Bild: Bundesministerium für Wirtschaft und Energie

Am 12. und 13. Juni 2017 hat das Bundesministerium für Wirtschaft und Energie rund 1.100 Teilnehmer zum Digital-Gipfel 2017 eingeladen. Hochrangige Vertreter aus Politik, Forschung und Arbeitswelt sprachen in Ludwigshafen über den Einfluss digitaler Technik auf die Gesellschaft. Die bislang als Nationaler IT-Gipfel jährlich ausgerichtete Veranstaltung trug das Motto ‚Vernetzt besser leben‘ und soll als Teil der Digitalen Agenda der Bundesregierung Leitlinien für die Gestaltung des digitalen Wandels ausgeben. In den Mittelpunkt der Konferenz im Pfalzbau und weiteren Orten in der Metropolregion Rhein-Neckar rückte das BMWi diesmal die Digitalisierung im Gesundheitswesen.
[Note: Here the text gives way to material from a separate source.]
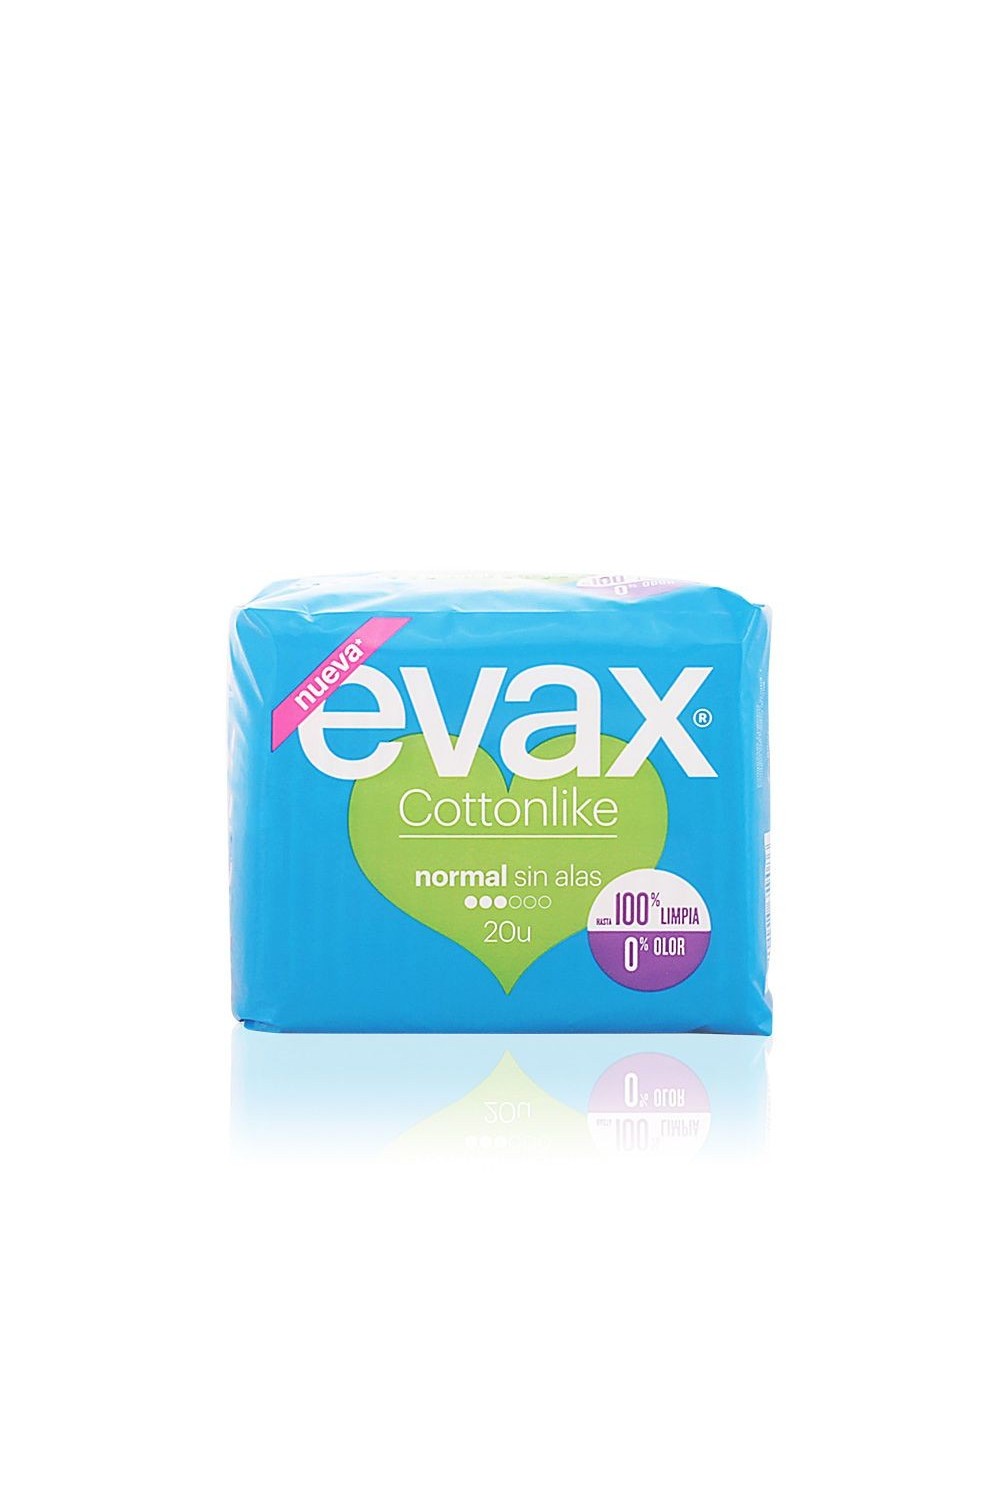 Evax Cottonlike Normal Sanitary Towels 20 Units

Neben den Chancen, die sich aus der Digitalisierung ergeben, kamen auch aktuelle Herausforderungen wie den Infrastrukturausbau, Datenschutz, die IT-Sicherheit und der Wandel in der Arbeitswelt zur Sprache. Über den Digitalisierungsstand der fertigenden Industrie informierten Vorträge etwa zur Chemie- und Automobilproduktion, zum autonomen Fahren und zur Investitionsgüterindustrie. Zudem stellte die Plattform Industrie 4.0 – eine Initiative der Bundesregierung – ein Papier mit zehn Handlungsempfehlungen für Produzenten vor.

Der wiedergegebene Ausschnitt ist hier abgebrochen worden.